Mais si le mage est, à ses propres yeux, un vrai mage, alors il est bien capable de vous annoncer de terribles malheurs ; et vous, l’esprit fort, vous rirez. Il n’en est pas moins vrai que ses paroles resteront dans votre mémoire, qu’elles reviendront à l’improviste dans vos rêveries et dans vos rêves, en vous troublant tout juste un peu, jusqu’au jour où les événements auront l’air de vouloir s’y ajuster.

J’ai connu une jeune fille à qui un mage dit un jour, après avoir analysé les lignes de sa main : « Vous vous marierez ; vous aurez un enfant ; vous le perdrez. » Une telle prédiction est un léger bagage à porter pendant qu’on parcourt les premières étapes. Mais le temps a passé ; la jeune fille s’est mariée ; elle a eu récemment un enfant ; la prédiction est déjà plus lourde à porter. Si le petit vient à être malade, les paroles funestes sonneront comme des cloches aux oreilles de la mère. Peut-être s’est-elle moquée autrefois du mage. Le mage sera bien vengé.

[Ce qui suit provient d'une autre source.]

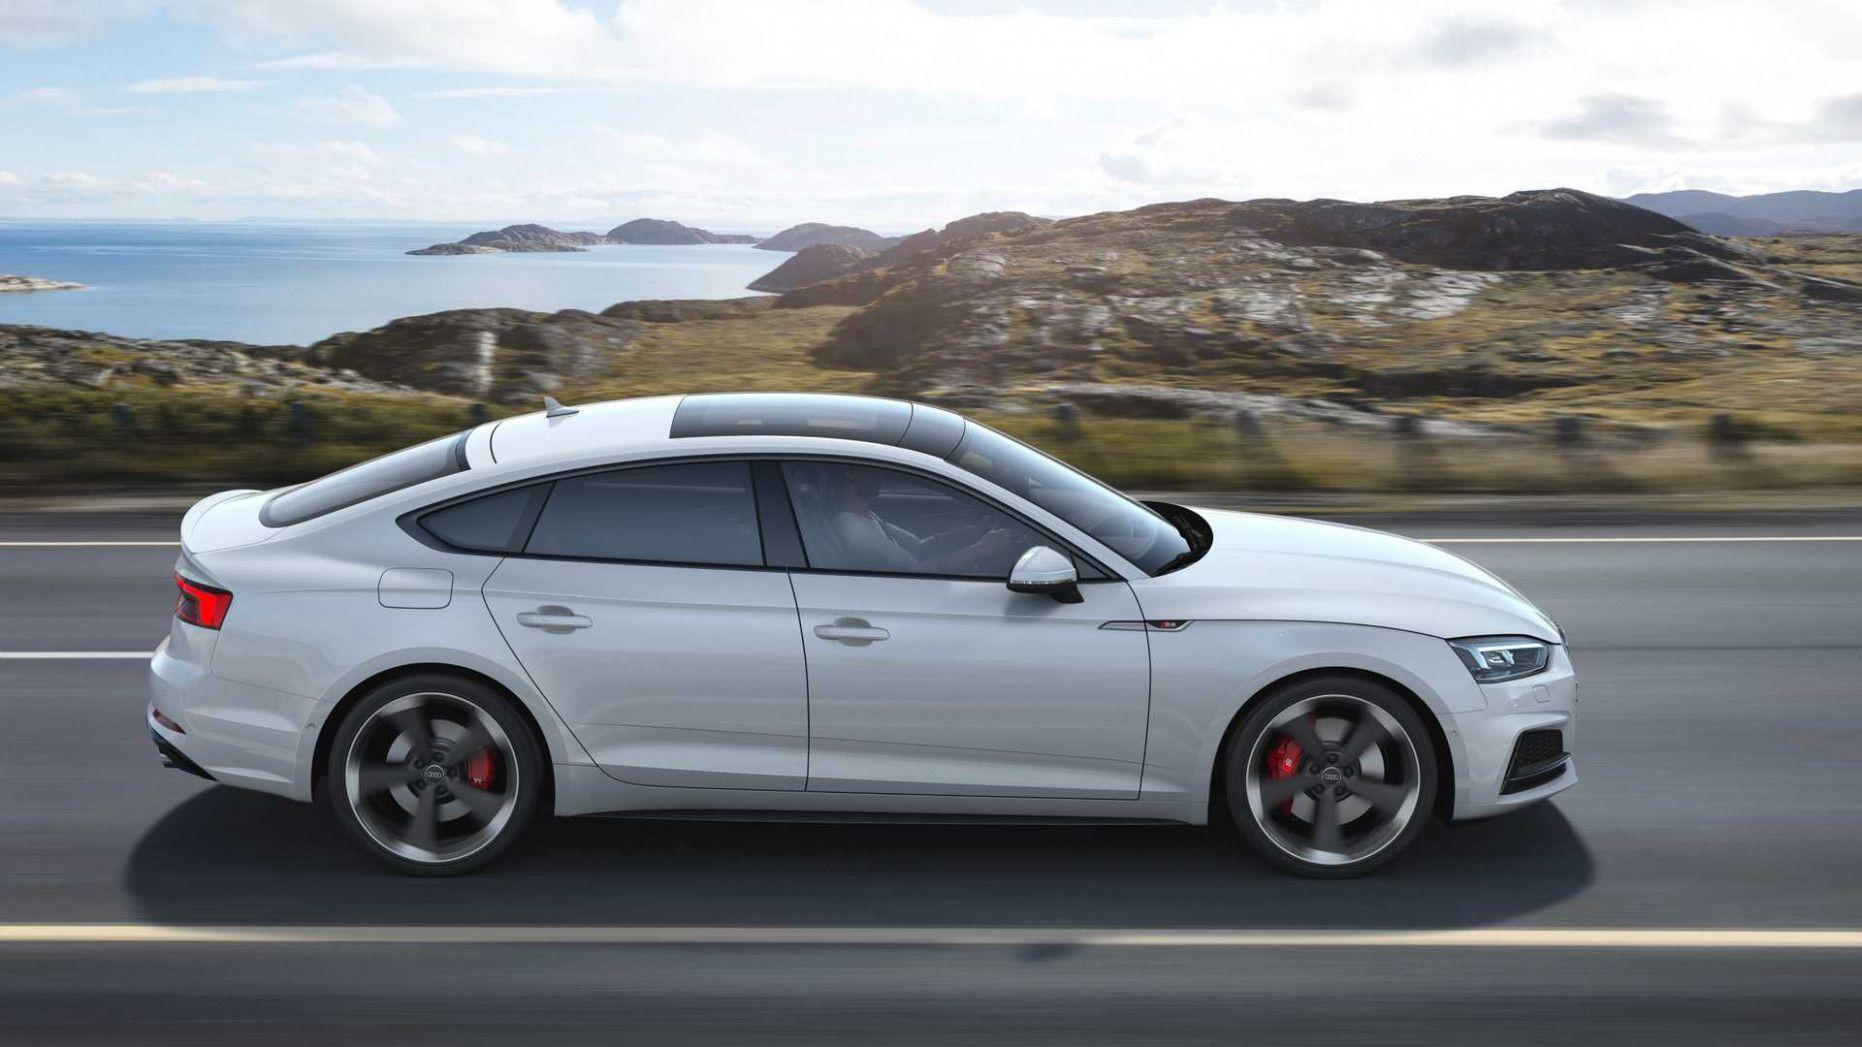 2020 Audi Rs5 Tdi Exterior In 2020 Audi A5 Audi A5 Coupe Audi S5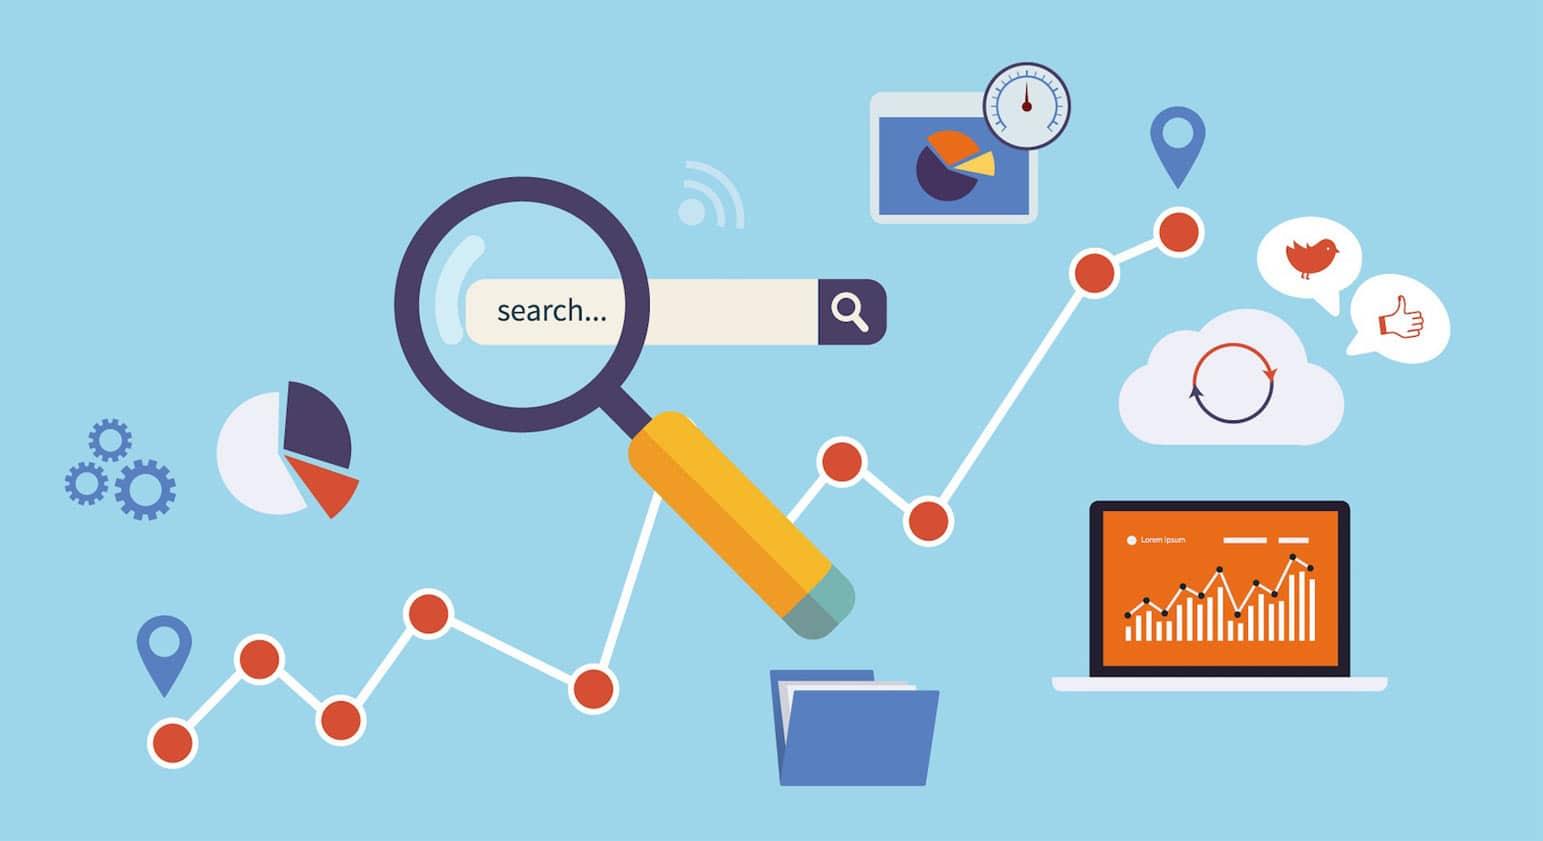 Estrategias de marketing digital ¡Ideas para que te inspires!

Il arrive toutes sortes d’événements dans ce monde ; de là des rencontres qui ébranleront le plus ferme jugement. Vous riez d’une prédiction sinistre et invraisemblable ; vous rirez moins si cette prédiction s’accomplit en partie ; le plus courageux des hommes attendra alors la suite ; et nos craintes, comme on sait, ne nous font pas moins souffrir que les catastrophes elles-mêmes. Il peut arriver que deux prophètes, sans se connaître, vous annoncent la même chose. Si cet accord ne vous trouble pas plus que votre intelligence ne le permettra, je vous admire.